─── EXTRACTED DATA ───
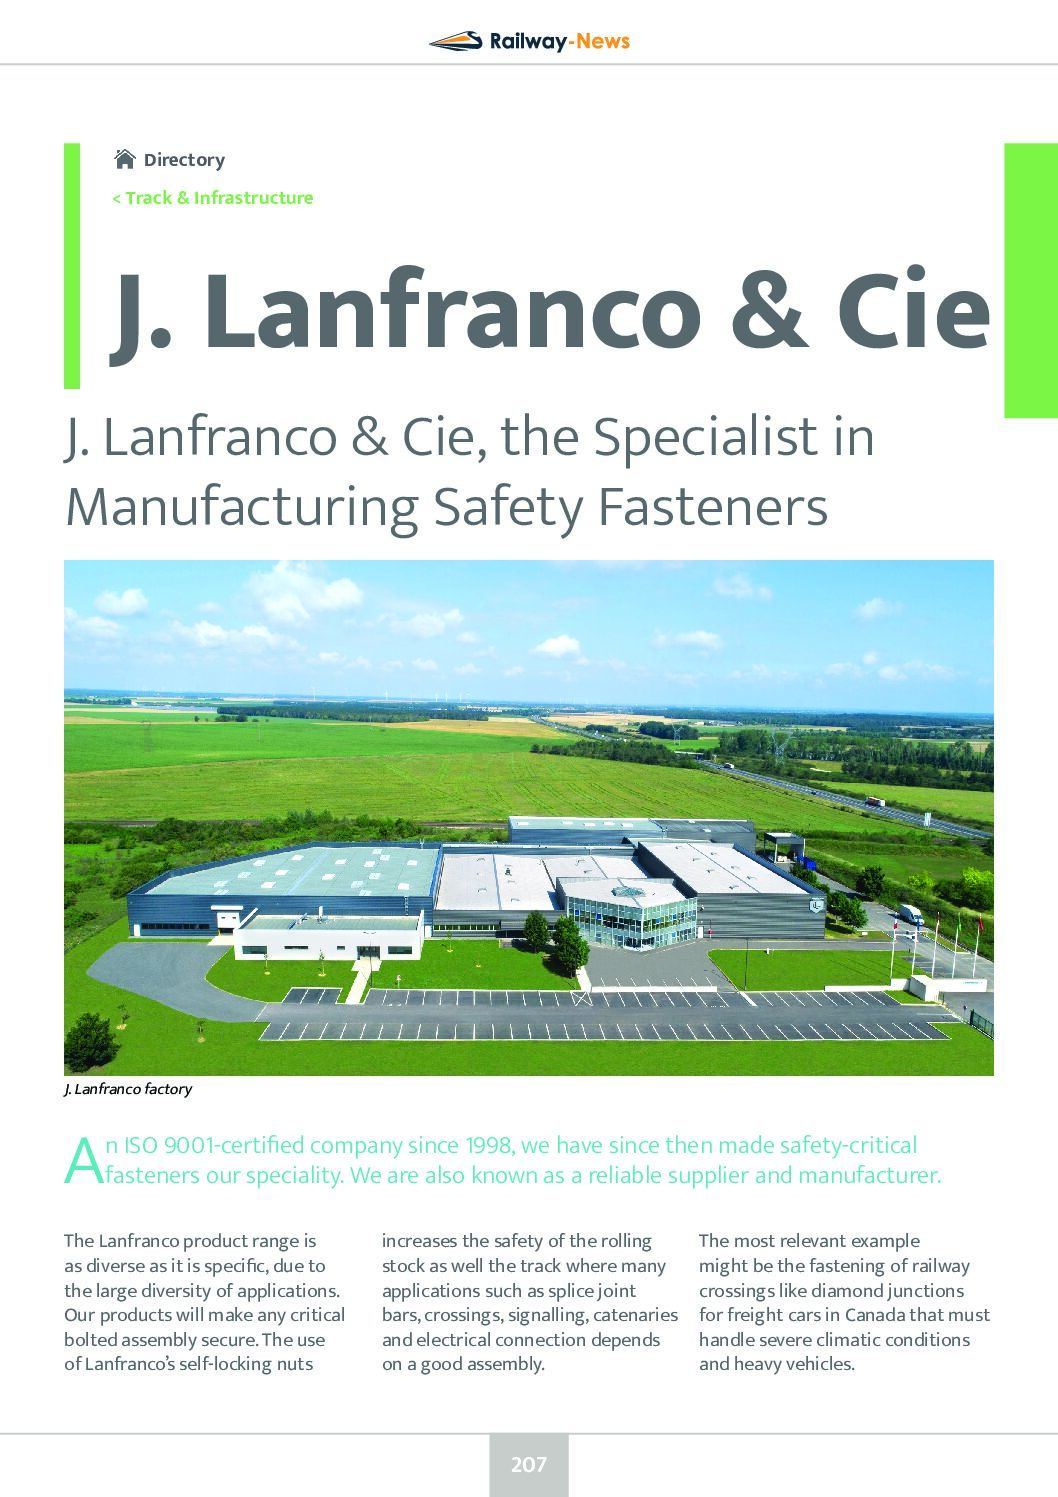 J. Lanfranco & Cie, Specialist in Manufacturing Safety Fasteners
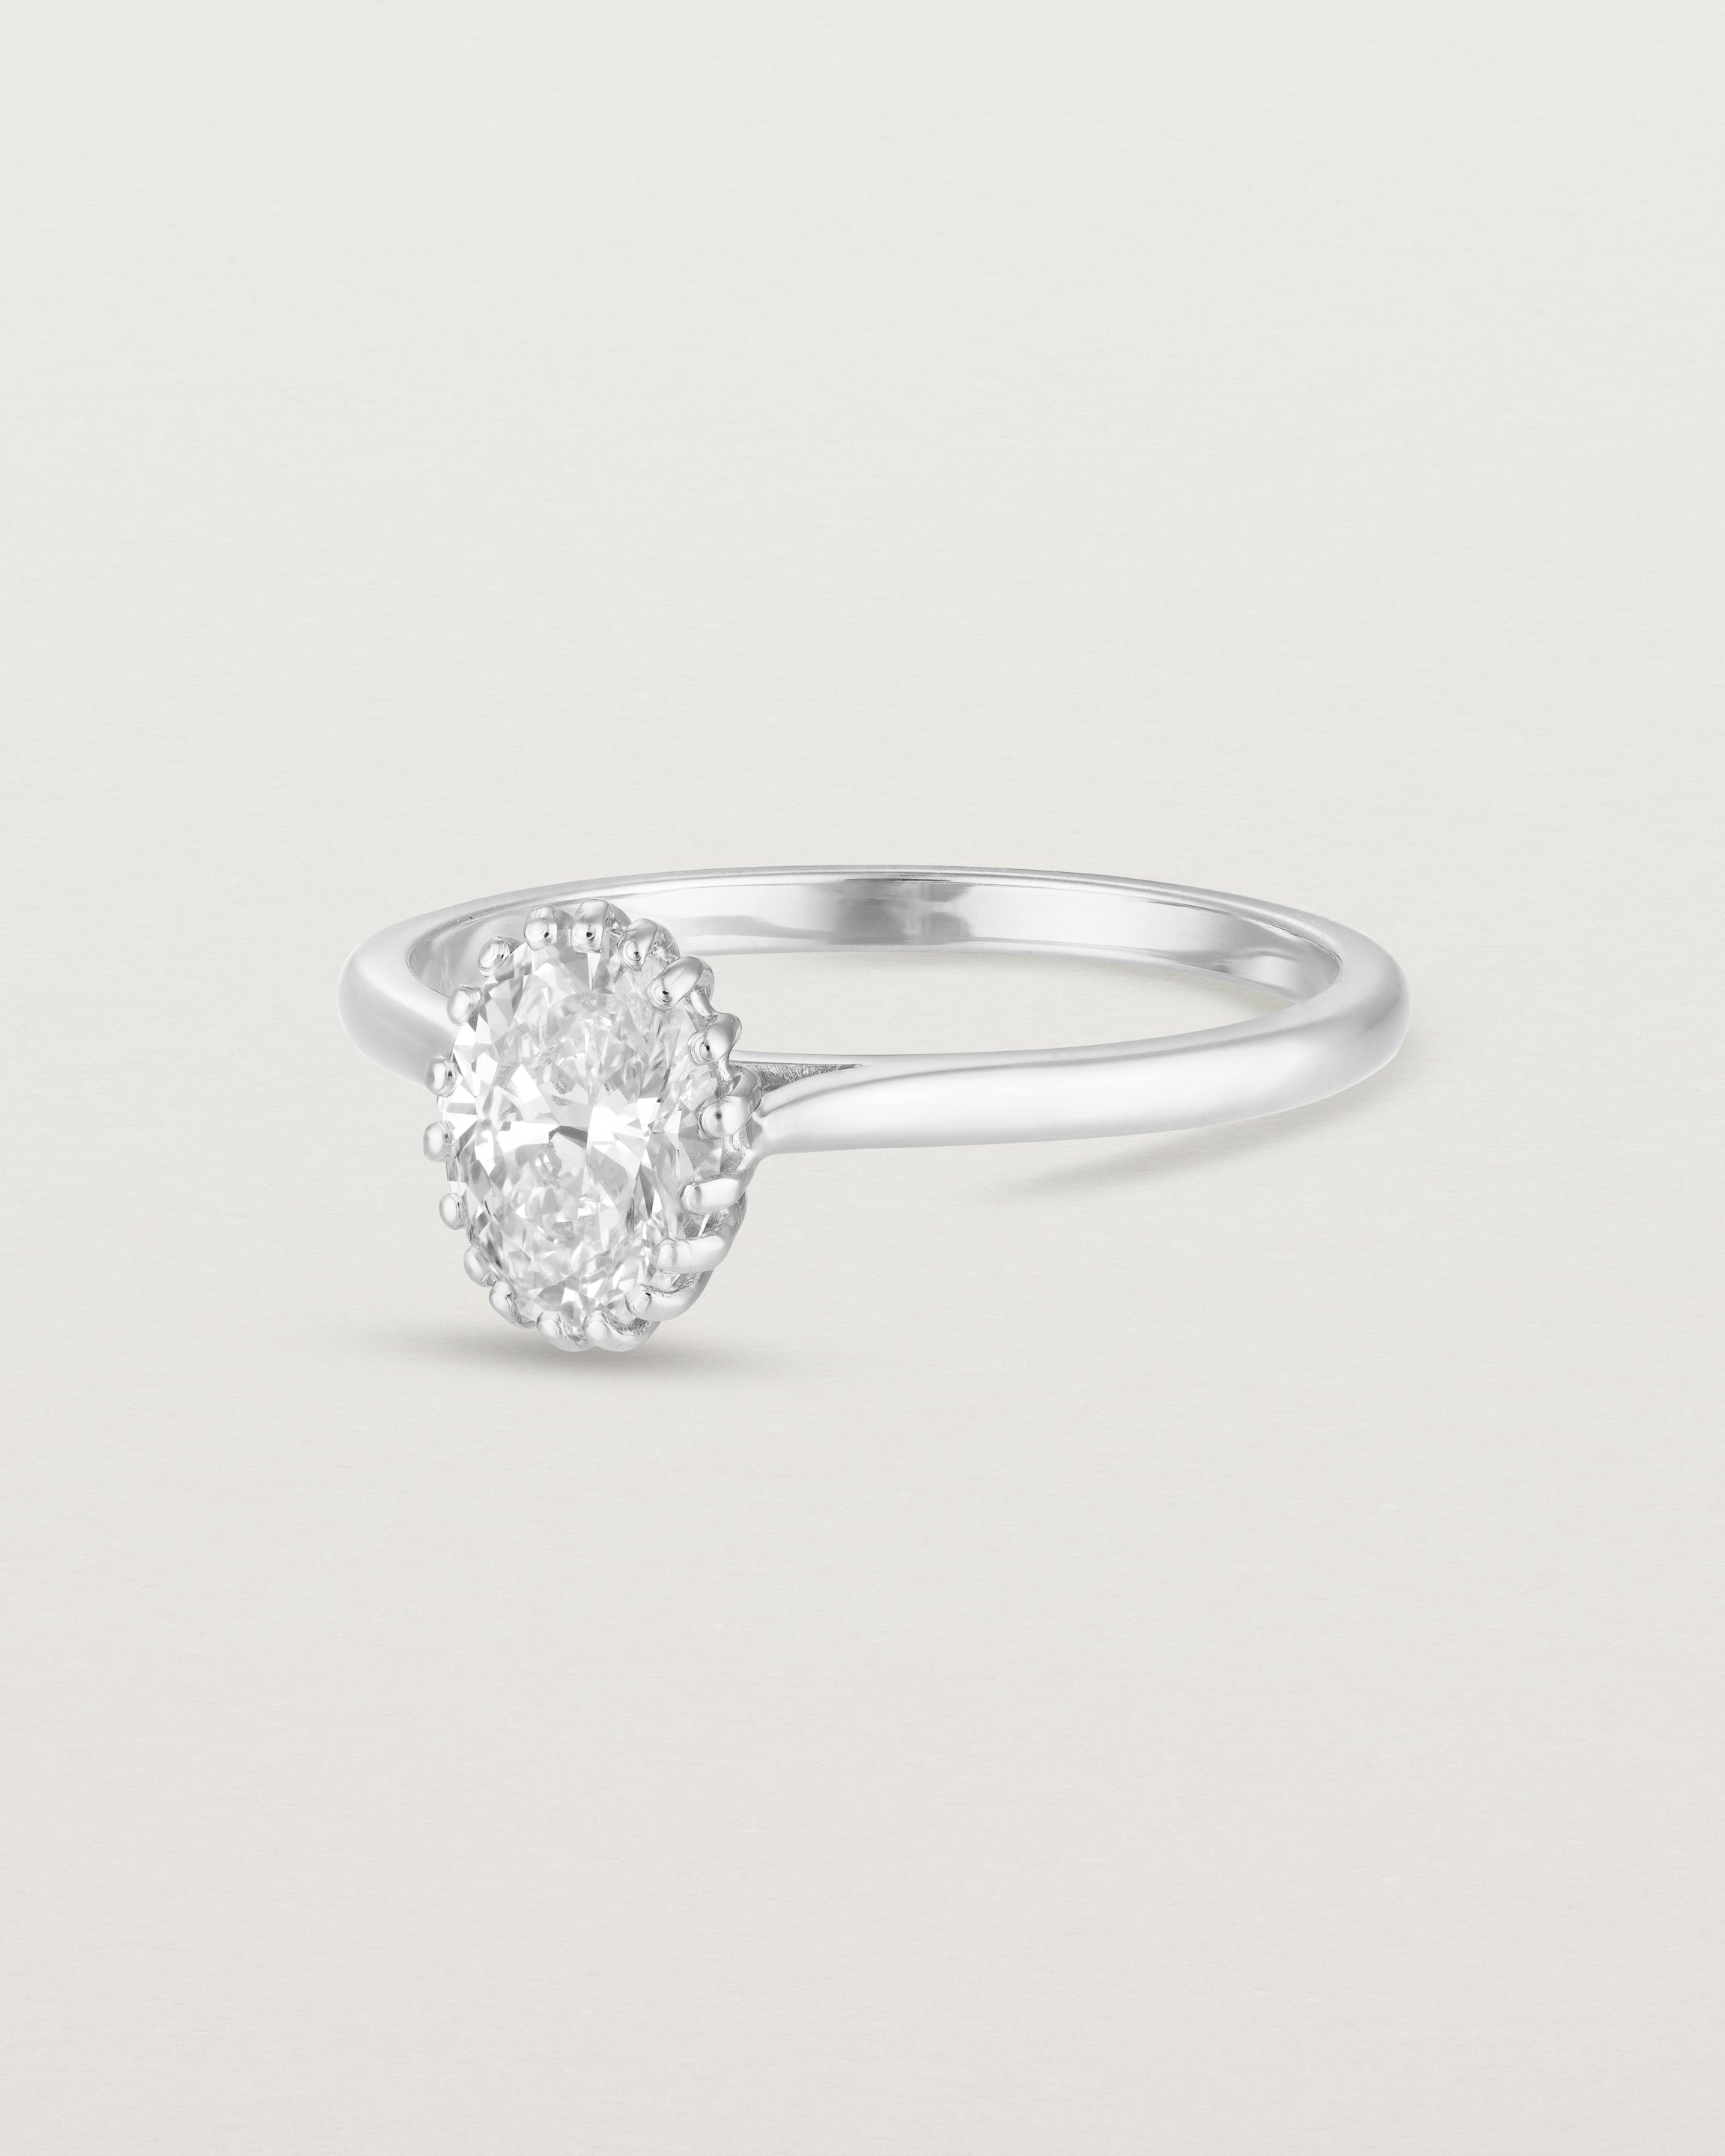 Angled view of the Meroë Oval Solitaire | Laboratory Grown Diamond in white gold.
───
─── EXTRACTED DATA ───
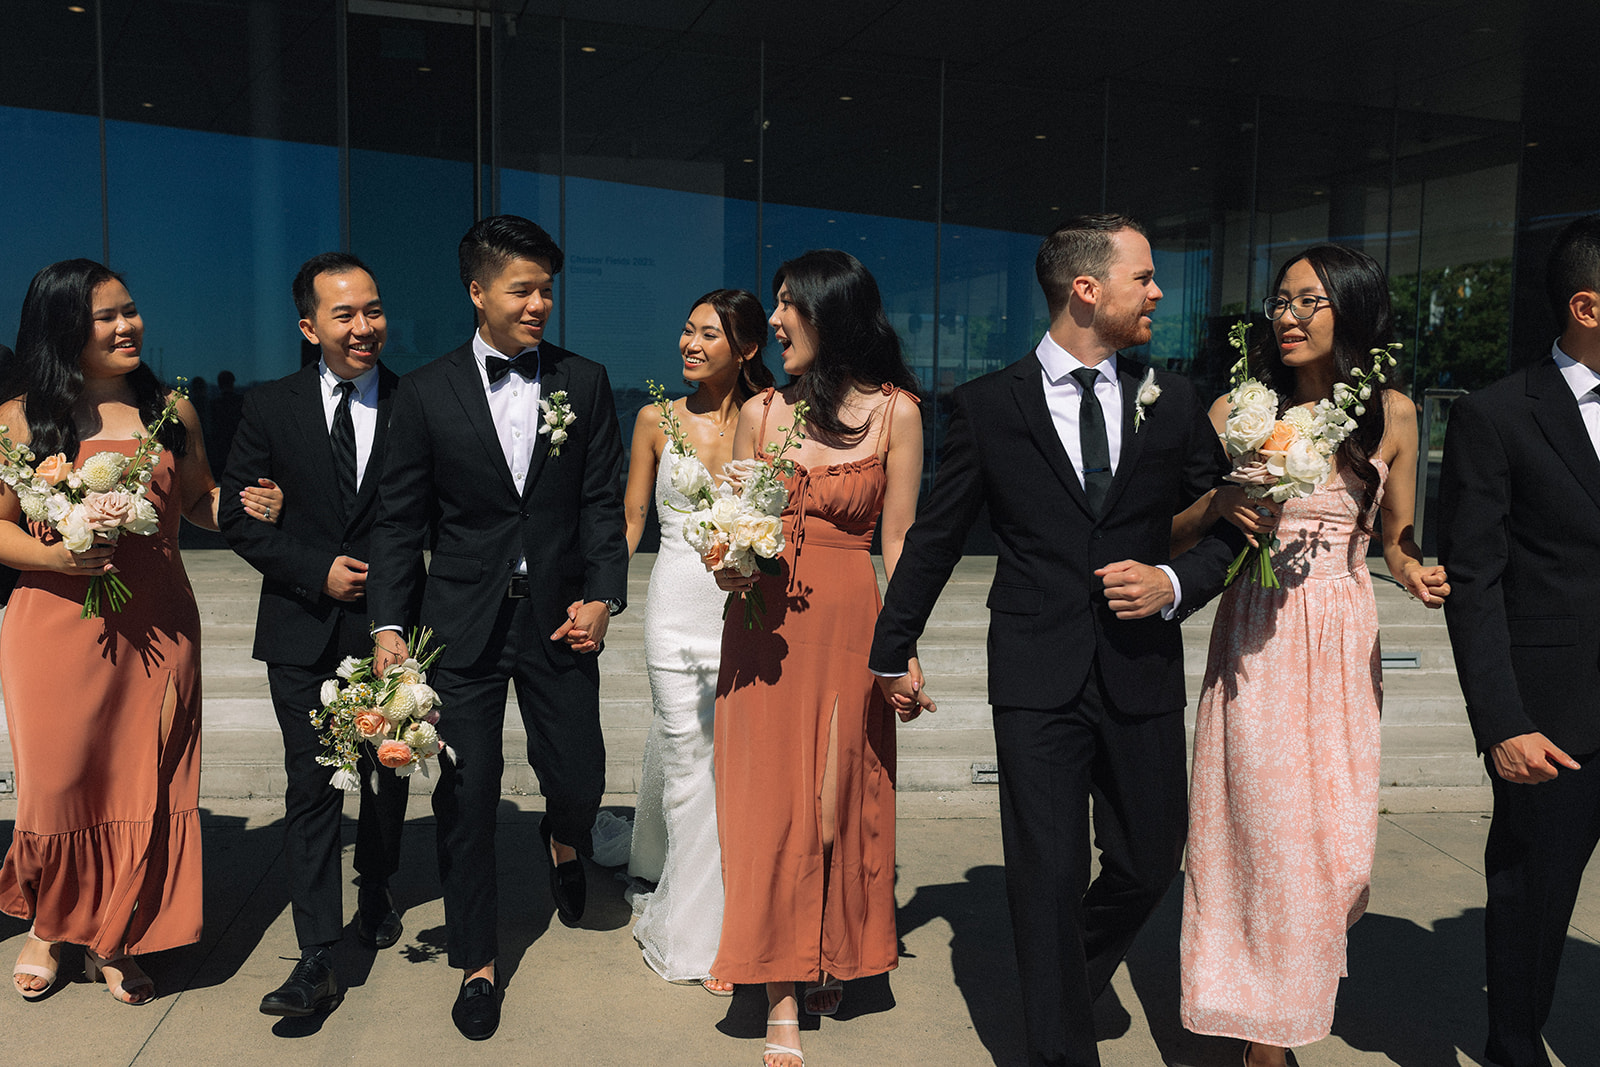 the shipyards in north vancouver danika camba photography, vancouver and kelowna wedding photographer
───
**ASSIGNED TASK**. Leaving pictures out, output the lines of the data above from the one with "J. Lanfranco &" through the one with "Angled view of", word for word.

**SOLUTION TO THE PROBLEM**.
 J. Lanfranco & Cie, Specialist in Manufacturing Safety Fasteners
 Angled view of the Meroë Oval Solitaire | Laboratory Grown Diamond in white gold.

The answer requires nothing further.